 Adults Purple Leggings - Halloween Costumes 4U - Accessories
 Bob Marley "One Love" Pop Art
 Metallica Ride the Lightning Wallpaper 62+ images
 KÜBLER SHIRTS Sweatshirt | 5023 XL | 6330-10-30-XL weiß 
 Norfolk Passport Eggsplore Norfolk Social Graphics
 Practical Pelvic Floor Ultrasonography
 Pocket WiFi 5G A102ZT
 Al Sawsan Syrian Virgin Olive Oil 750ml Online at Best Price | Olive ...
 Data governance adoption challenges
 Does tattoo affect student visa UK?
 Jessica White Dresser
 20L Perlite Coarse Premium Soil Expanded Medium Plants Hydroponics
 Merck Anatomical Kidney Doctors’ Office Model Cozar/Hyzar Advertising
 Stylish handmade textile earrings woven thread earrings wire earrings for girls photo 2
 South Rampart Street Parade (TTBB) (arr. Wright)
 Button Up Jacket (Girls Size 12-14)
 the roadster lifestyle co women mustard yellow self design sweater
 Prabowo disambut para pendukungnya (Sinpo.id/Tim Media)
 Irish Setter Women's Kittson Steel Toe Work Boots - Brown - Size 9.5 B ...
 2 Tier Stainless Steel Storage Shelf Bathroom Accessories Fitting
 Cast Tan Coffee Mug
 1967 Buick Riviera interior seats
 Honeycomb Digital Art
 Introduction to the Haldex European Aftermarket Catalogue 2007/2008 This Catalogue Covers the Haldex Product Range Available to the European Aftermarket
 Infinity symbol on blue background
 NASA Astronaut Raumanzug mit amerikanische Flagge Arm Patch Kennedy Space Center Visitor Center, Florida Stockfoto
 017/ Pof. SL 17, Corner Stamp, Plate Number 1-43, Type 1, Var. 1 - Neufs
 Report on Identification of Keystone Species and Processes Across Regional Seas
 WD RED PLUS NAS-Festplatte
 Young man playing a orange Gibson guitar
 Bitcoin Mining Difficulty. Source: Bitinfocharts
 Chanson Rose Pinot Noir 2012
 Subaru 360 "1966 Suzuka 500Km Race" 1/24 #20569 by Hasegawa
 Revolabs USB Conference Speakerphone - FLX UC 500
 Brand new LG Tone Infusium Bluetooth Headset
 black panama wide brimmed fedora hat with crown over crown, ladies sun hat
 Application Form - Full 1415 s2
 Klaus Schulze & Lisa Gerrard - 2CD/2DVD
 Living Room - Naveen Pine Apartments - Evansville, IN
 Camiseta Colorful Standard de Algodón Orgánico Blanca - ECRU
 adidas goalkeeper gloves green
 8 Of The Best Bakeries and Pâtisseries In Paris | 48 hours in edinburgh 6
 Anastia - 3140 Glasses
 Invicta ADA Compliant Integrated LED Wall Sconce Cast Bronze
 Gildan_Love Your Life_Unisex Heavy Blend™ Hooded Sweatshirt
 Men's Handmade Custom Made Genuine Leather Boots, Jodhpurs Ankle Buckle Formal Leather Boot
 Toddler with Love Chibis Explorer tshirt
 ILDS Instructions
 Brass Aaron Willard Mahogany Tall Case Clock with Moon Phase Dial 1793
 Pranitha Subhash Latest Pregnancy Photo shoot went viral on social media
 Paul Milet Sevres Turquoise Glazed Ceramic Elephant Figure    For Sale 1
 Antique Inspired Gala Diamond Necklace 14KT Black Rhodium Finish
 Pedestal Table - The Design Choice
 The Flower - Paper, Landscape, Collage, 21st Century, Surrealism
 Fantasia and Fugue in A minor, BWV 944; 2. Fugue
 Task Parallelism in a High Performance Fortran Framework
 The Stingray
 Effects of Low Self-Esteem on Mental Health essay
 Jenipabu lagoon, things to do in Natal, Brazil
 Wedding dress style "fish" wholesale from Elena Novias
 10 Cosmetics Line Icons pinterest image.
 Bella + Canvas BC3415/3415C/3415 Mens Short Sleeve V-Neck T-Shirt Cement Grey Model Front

■ **The problem**
Exactly the lines from the one containing "Paul Milet Sevres" through the end of the entries above must be output, and no others.

■ **Response to the task**
 Paul Milet Sevres Turquoise Glazed Ceramic Elephant Figure    For Sale 1
 Antique Inspired Gala Diamond Necklace 14KT Black Rhodium Finish
 Pedestal Table - The Design Choice
 The Flower - Paper, Landscape, Collage, 21st Century, Surrealism
 Fantasia and Fugue in A minor, BWV 944; 2. Fugue
 Task Parallelism in a High Performance Fortran Framework
 The Stingray
 Effects of Low Self-Esteem on Mental Health essay
 Jenipabu lagoon, things to do in Natal, Brazil
 Wedding dress style "fish" wholesale from Elena Novias
 10 Cosmetics Line Icons pinterest image.
 Bella + Canvas BC3415/3415C/3415 Mens Short Sleeve V-Neck T-Shirt Cement Grey Model Front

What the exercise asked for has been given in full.